[infinispan-issues] [JBoss JIRA] (ISPN-1995) Uneven request balancing after node restore

Fri May 4 12:38:18 EDT 2012

    [ https://issues.jboss.org/browse/ISPN-1995?page=com.atlassian.jira.plugin.system.issuetabpanels:comment-tabpanel&focusedCommentId=12690495#comment-12690495 ] 

RH Bugzilla Integration commented on ISPN-1995:
-----------------------------------------------

Michal Linhard <mlinhard at redhat.com> made a comment on [bug 809631|https://bugzilla.redhat.com/show_bug.cgi?id=809631]

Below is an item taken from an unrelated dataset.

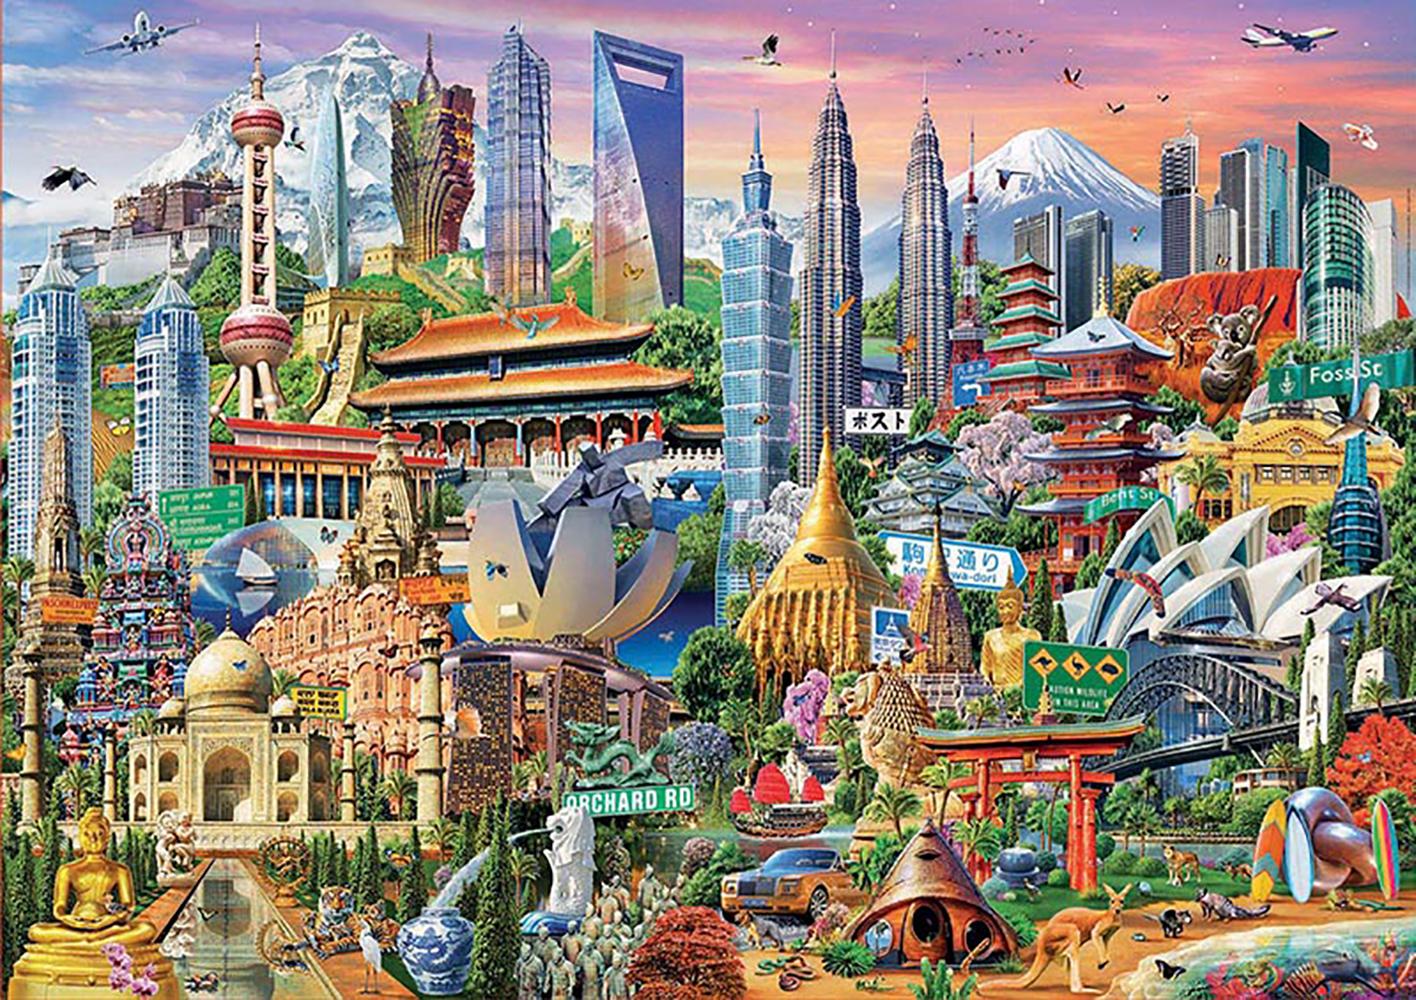 Puzzle 1500 pieces - Asia Landmarks

OK. I've reran in hyperion, reproduced again:
http://www.qa.jboss.com/~mlinhard/hyperion/run85-resi-dist-16/report/stats-throughput.png

this time with some log analysis:
http://www.qa.jboss.com/~mlinhard/hyperion/run85-resi-dist-16/report/loganalysis/client/

Config: 16 nodes, DIST mode, numOwners 3, crashing 2 nodes

The steps of the resilience test is as follows:

1. Start complete cluster node0001 - node0016, wait till it forms (View 6 around 02:44:32,594)
2. Wait 5 min
3. Kill node0002, node0003, wait till survivor cluster forms (View 7 around 02:50:54,200)
4. Wait 5 min
5. Restore node0002, node0003, wait till complete cluster forms again (View 9 around 02:56:10,164)

These views are created:
http://www.qa.jboss.com/~mlinhard/hyperion/run85-resi-dist-16/report/loganalysis/views.html

There are two anomalies during the test:

2 clients (333 and 459) when the nodes are killed they remove them from topology, add them and remove again within few seconds. (that's why we're seeing 502 node adds and removes in the client logs even though there are only 500 clients)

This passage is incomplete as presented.